I've bootstrapped/regtested the slighly older version of patch on i686-linux,
I am re-running the same testing now.  I plan to hold the patch till Richard's
C++ testers catch the referenced vars/eh table changes I sent today (so till
yesterday afternoon at least) and I would welcome any comments or benchmark
results.

Some details on implementation are in ipa-inline comment in the patch
(especially the interference with profiling is bit unforutnate).

It is actually different implementation than the reoptimization idea I
had on IPA branch and presented on summit.  It is a lot cheaper
compilation time, but it is not 100% replacement. I will re-evaulate
this trick and see if it should be merged at all, as this early inlining
trick seems a lot cheaper.

	* cgraph.h (cgraph_decide_inlining_incrementally): Kill.
	* tree-pass.h: Reorder to make IPA passes appear toegher.
	(pass_early_inline, pass_inline_parameters, pass_apply_inline): Declare.
	* cgraphunit.c (cgraph_finalize_function): Do not compute inling
	parameters, do not call early inliner.
	* ipa-inline.c: Update comments.  Include tree-flow.h
	(cgraph_decide_inlining): Do not compute inlining parameters.
	(cgraph_decide_inlining_incrementally): Return TODOs; assume to
	be called with function context set up.
	(pass_ipa_inline): Remove unreachable functions before pass.
	(cgraph_early_inlining): Simplify assuming to be called from the
	PM as local pass.
	(pass_early_inline): New pass.
	(cgraph_gate_ipa_early_inlining): New gate.
	(pass_ipa_early_inline): Turn into simple wrapper.
	(compute_inline_parameters): New function.

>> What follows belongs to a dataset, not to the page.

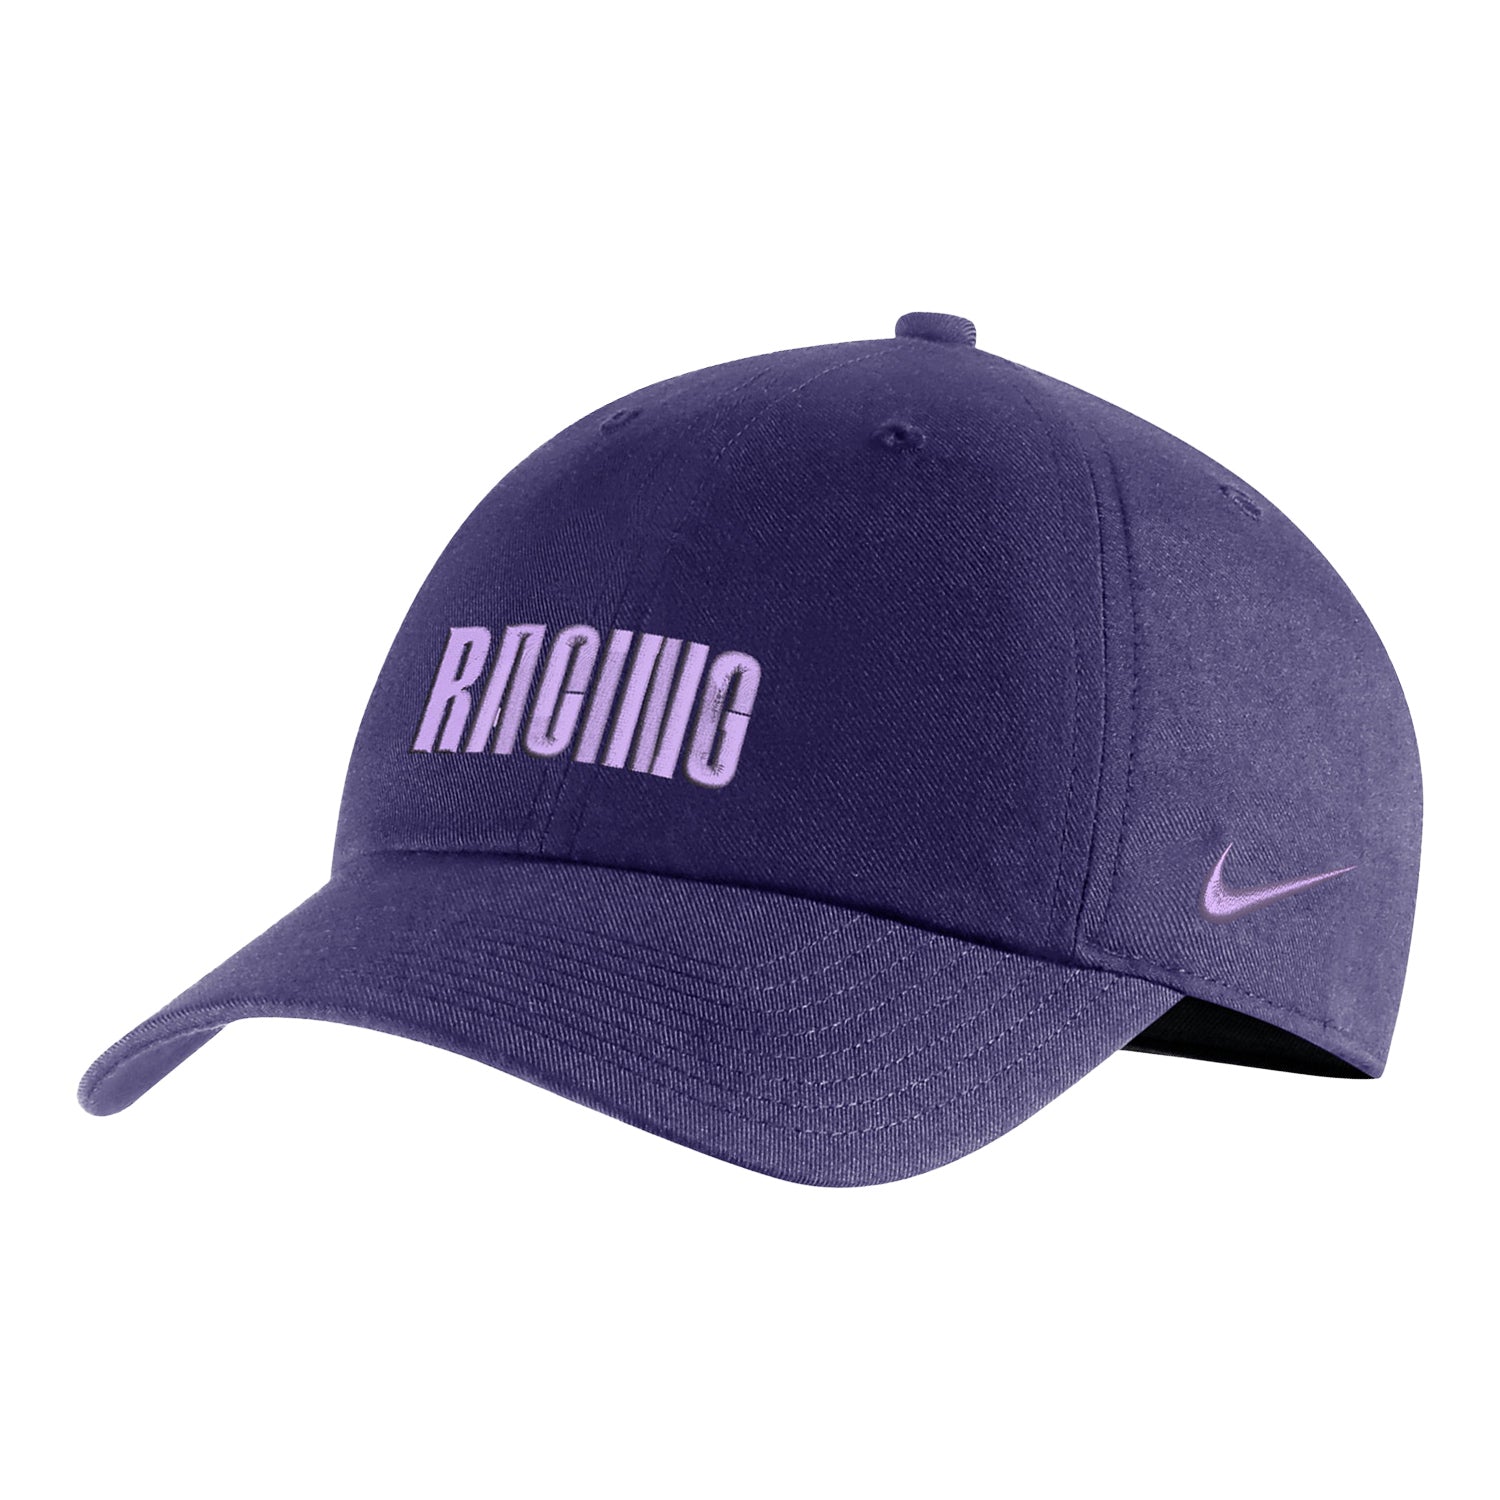 Racing Louisville Nike Snapback Hat

	(gate_inline_passes): New gate.
	(pass_inline_parameters): New pass.
	(apply_inline): Move here from tree-optimize.c
	(pass_apply_inline): New pass.
	* ipa.c (cgraph_remove_unreachable_nodes): Verify cgraph after
	transforming.
	* tree-inline.c (optimize_inline_calls): Return TODOs rather than
	doing them by hand.
	(tree_function_versioning): Do not allocate dummy struct function.

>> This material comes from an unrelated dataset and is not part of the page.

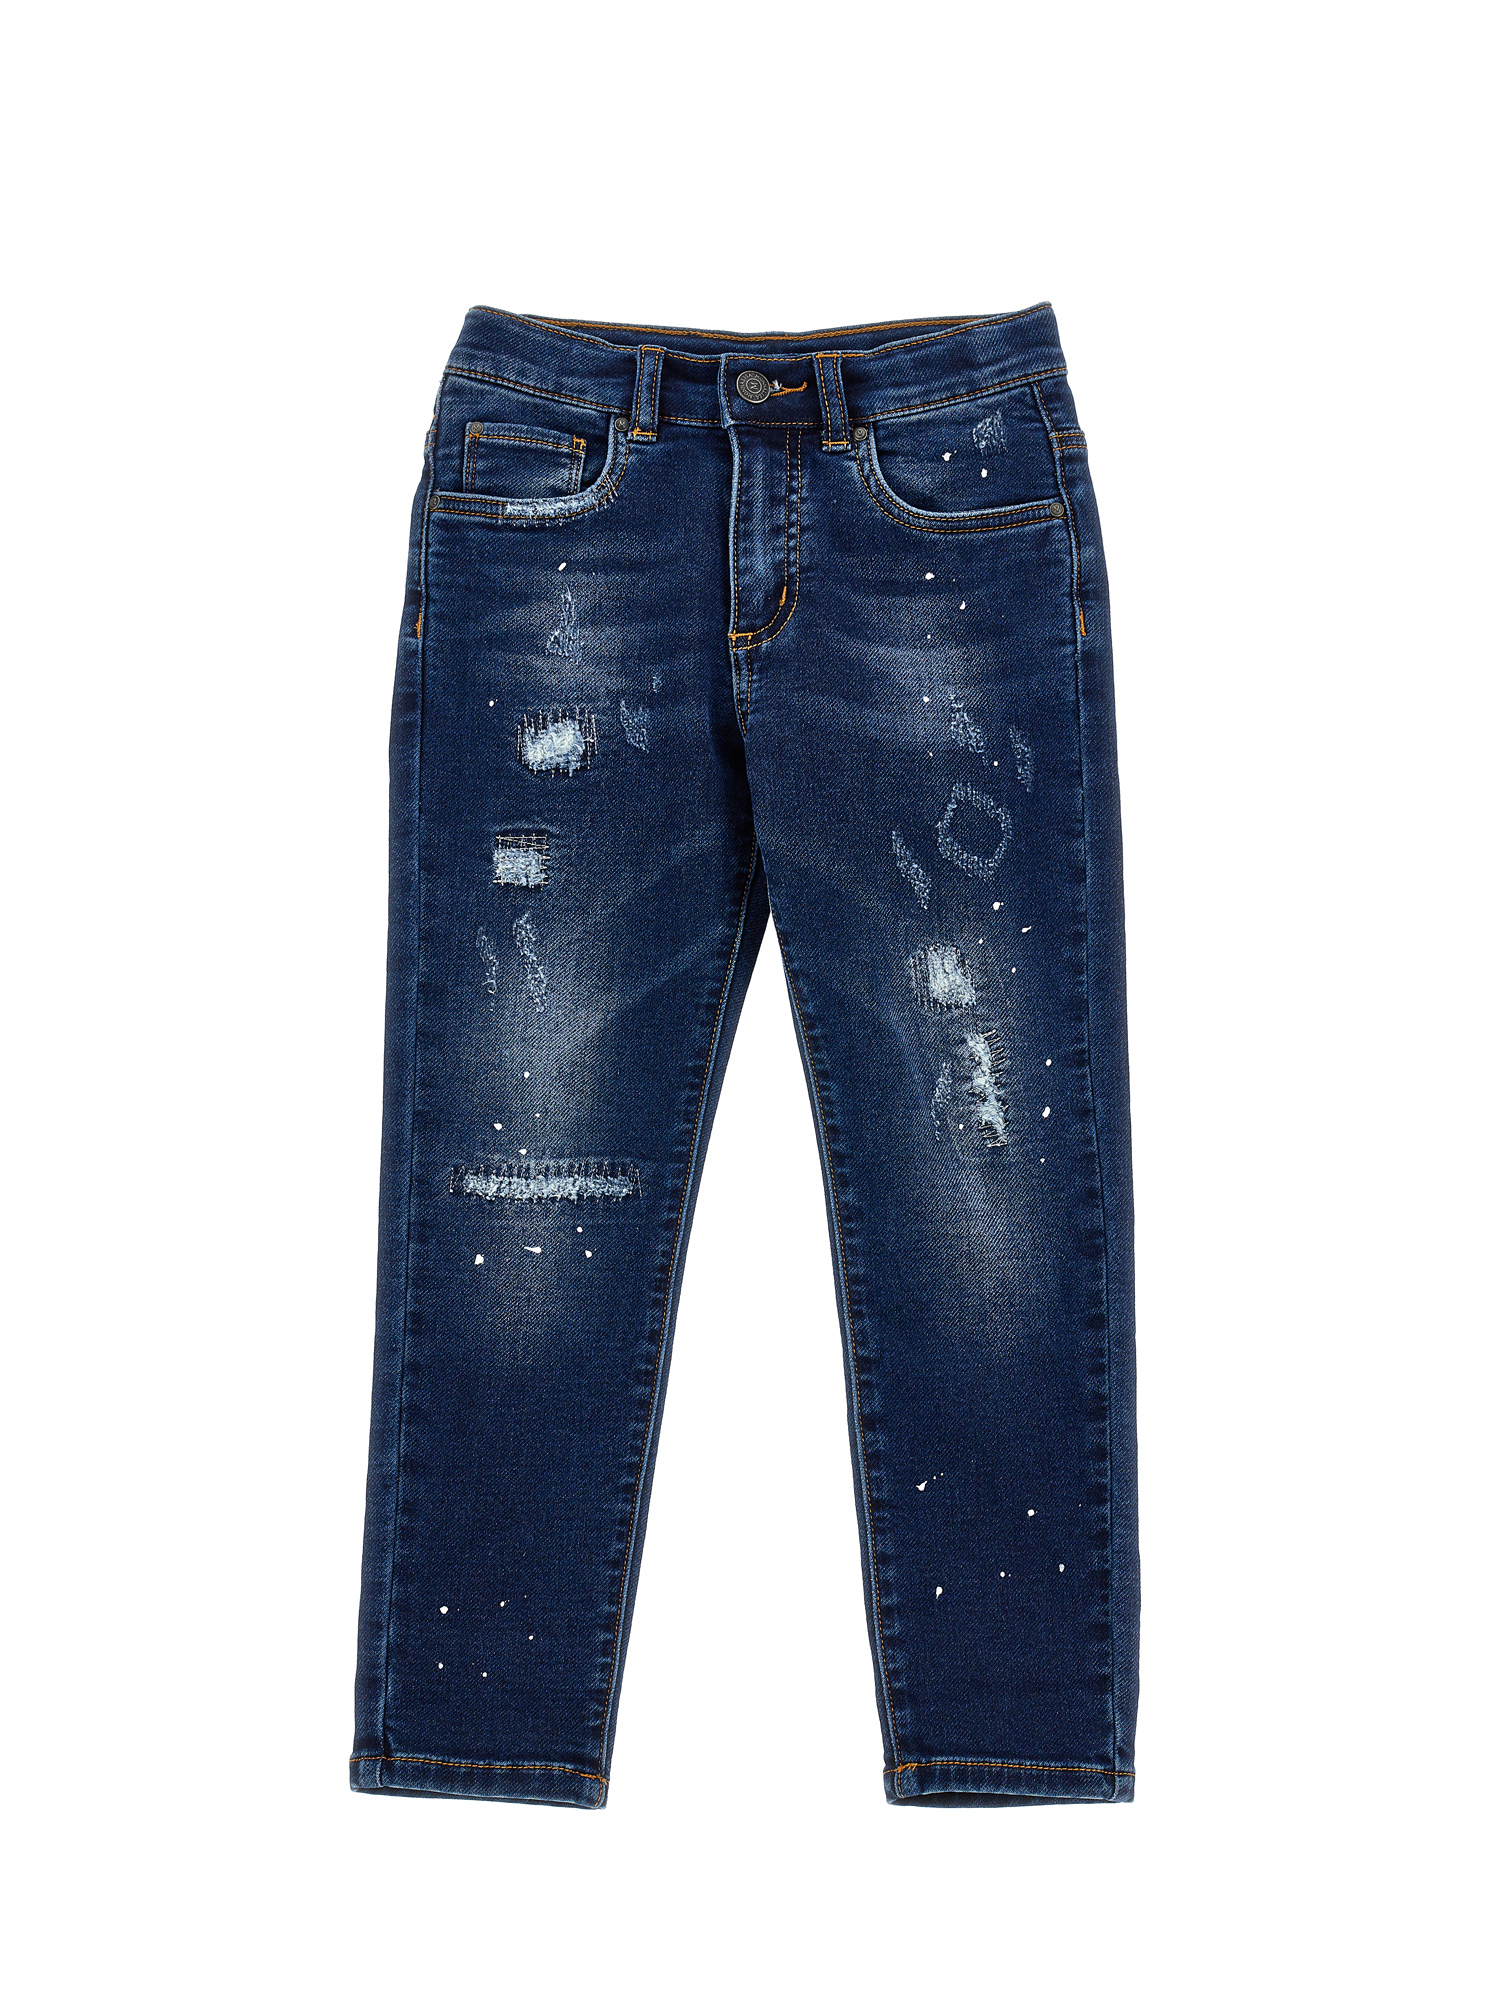 Vintage-effect denim jeans

	* tree-inline.h (optimize_inline_calls): Update prototype.
	* tree-optimize.c (execute_fixup_cfg): Export.
	(pass_fixup_cfg): Remove
	(tree_rest_of_compilation): Do not apply inlines.

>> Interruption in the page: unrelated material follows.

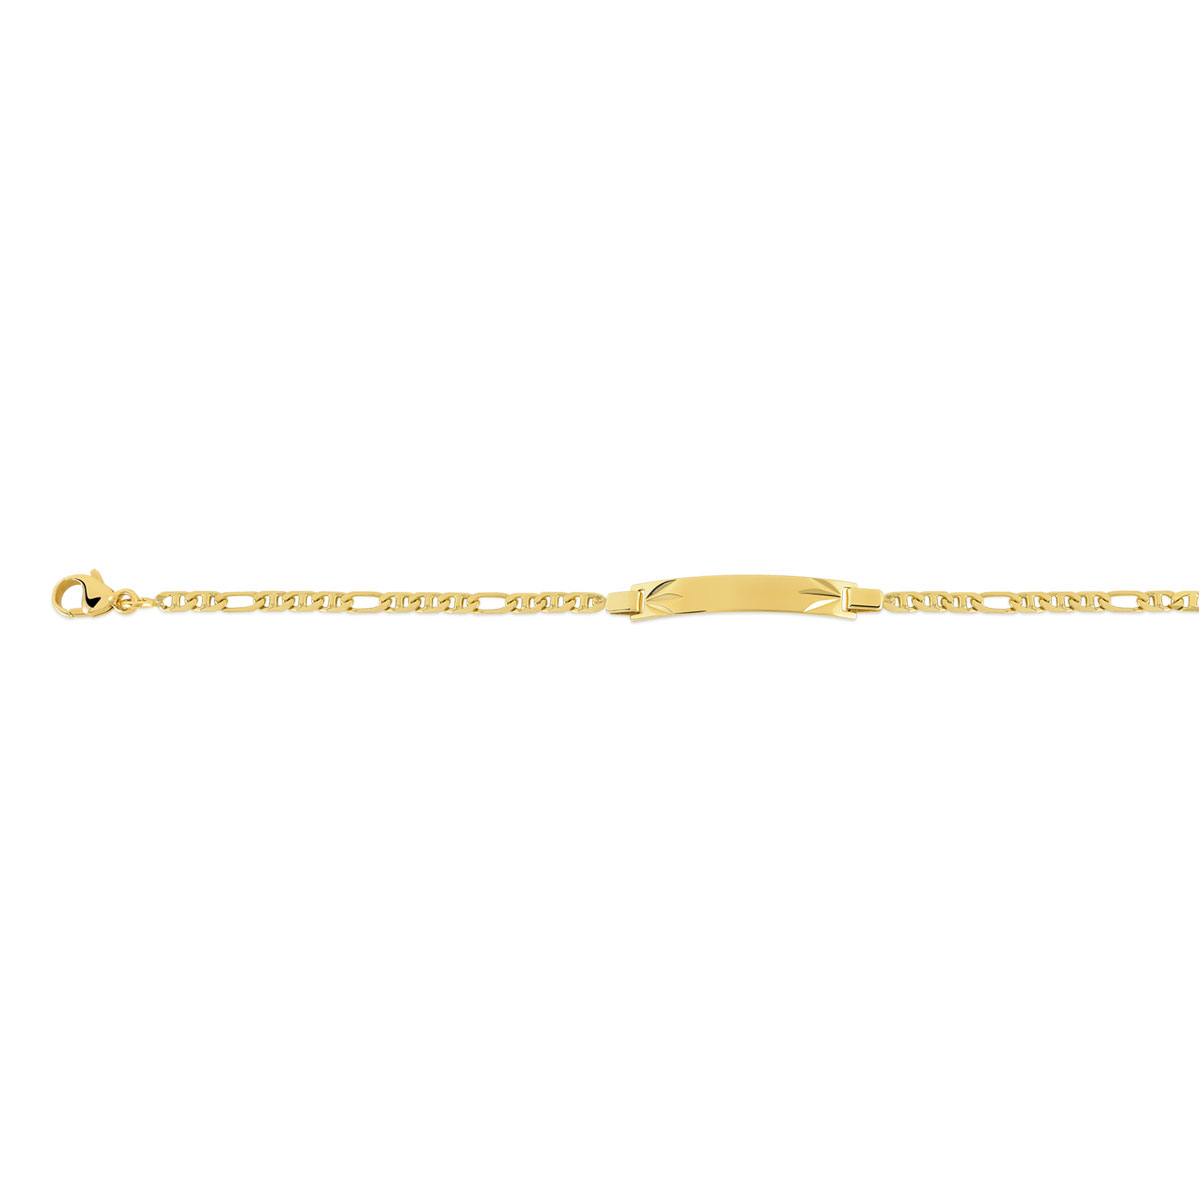 Bracelet identité bébé or 750 jaune maille marine personnalisable 14 cm

	* tree-flow.h (execute_fixup_cfg): Declare.
	* Makefile.in (gt-passes.c): New.
	* passes.c: Include gt-passes.h
	(init_optimization_passes): New passes.
	(nnodes, order): New static vars.
	(do_per_function_toporder): New function.
	(execute_one_pass): Dump current pass here.
	(execute_ipa_pass_list): Don't dump current pass here.

Index: cgraph.h
===================================================================
*** cgraph.h	(revision 120777)
--- cgraph.h	(working copy)
*************** varpool_next_static_initializer (struct 
*** 395,401 ****
          (node) = varpool_next_static_initializer (node))
  
  /* In ipa-inline.c  */
- bool cgraph_decide_inlining_incrementally (struct cgraph_node *, bool);
  void cgraph_clone_inlined_nodes (struct cgraph_edge *, bool, bool);
  void cgraph_mark_inline_edge (struct cgraph_edge *, bool);
  bool cgraph_default_inline_p (struct cgraph_node *, const char **);
--- 395,400 ----
Index: tree-pass.h
===================================================================
*** tree-pass.h	(revision 120777)
--- tree-pass.h	(working copy)
*************** extern struct tree_opt_pass pass_reset_c
*** 310,322 ****
  /* IPA Passes */
  extern struct tree_opt_pass pass_ipa_cp;
  extern struct tree_opt_pass pass_ipa_inline;
! extern struct tree_opt_pass pass_early_ipa_inline;
  extern struct tree_opt_pass pass_ipa_reference;
  extern struct tree_opt_pass pass_ipa_pure_const;
  extern struct tree_opt_pass pass_ipa_type_escape;
  extern struct tree_opt_pass pass_ipa_pta;
  extern struct tree_opt_pass pass_early_local_passes;
- extern struct tree_opt_pass pass_all_early_optimizations;
  extern struct tree_opt_pass pass_ipa_increase_alignment;
  extern struct tree_opt_pass pass_ipa_function_and_variable_visibility;
  
--- 310,321 ----
  /* IPA Passes */
  extern struct tree_opt_pass pass_ipa_cp;
  extern struct tree_opt_pass pass_ipa_inline;
! extern struct tree_opt_pass pass_ipa_early_inline;
  extern struct tree_opt_pass pass_ipa_reference;
  extern struct tree_opt_pass pass_ipa_pure_const;
  extern struct tree_opt_pass pass_ipa_type_escape;
  extern struct tree_opt_pass pass_ipa_pta;
  extern struct tree_opt_pass pass_early_local_passes;
  extern struct tree_opt_pass pass_ipa_increase_alignment;
  extern struct tree_opt_pass pass_ipa_function_and_variable_visibility;
  
*************** extern struct tree_opt_pass pass_set_not
*** 399,404 ****
--- 398,407 ----
  extern struct tree_opt_pass pass_final;
  extern struct tree_opt_pass pass_rtl_seqabstr;
  extern struct tree_opt_pass pass_release_ssa_names;
+ extern struct tree_opt_pass pass_early_inline;
+ extern struct tree_opt_pass pass_inline_parameters;
+ extern struct tree_opt_pass pass_apply_inline;
+ extern struct tree_opt_pass pass_all_early_optimizations;
  
  /* The root of the compilation pass tree, once constructed.  */
  extern struct tree_opt_pass *all_passes, *all_ipa_passes, *all_lowering_passes;
Index: cgraphunit.c
===================================================================
*** cgraphunit.c	(revision 120777)
--- cgraphunit.c	(working copy)
*************** cgraph_finalize_function (tree decl, boo
*** 455,464 ****
    /* If not unit at a time, then we need to create the call graph
       now, so that called functions can be queued and emitted now.  */
    if (!flag_unit_at_a_time)
!     {
!       cgraph_analyze_function (node);
!       cgraph_decide_inlining_incrementally (node, false);
!     }
  
    if (decide_is_function_needed (node, decl))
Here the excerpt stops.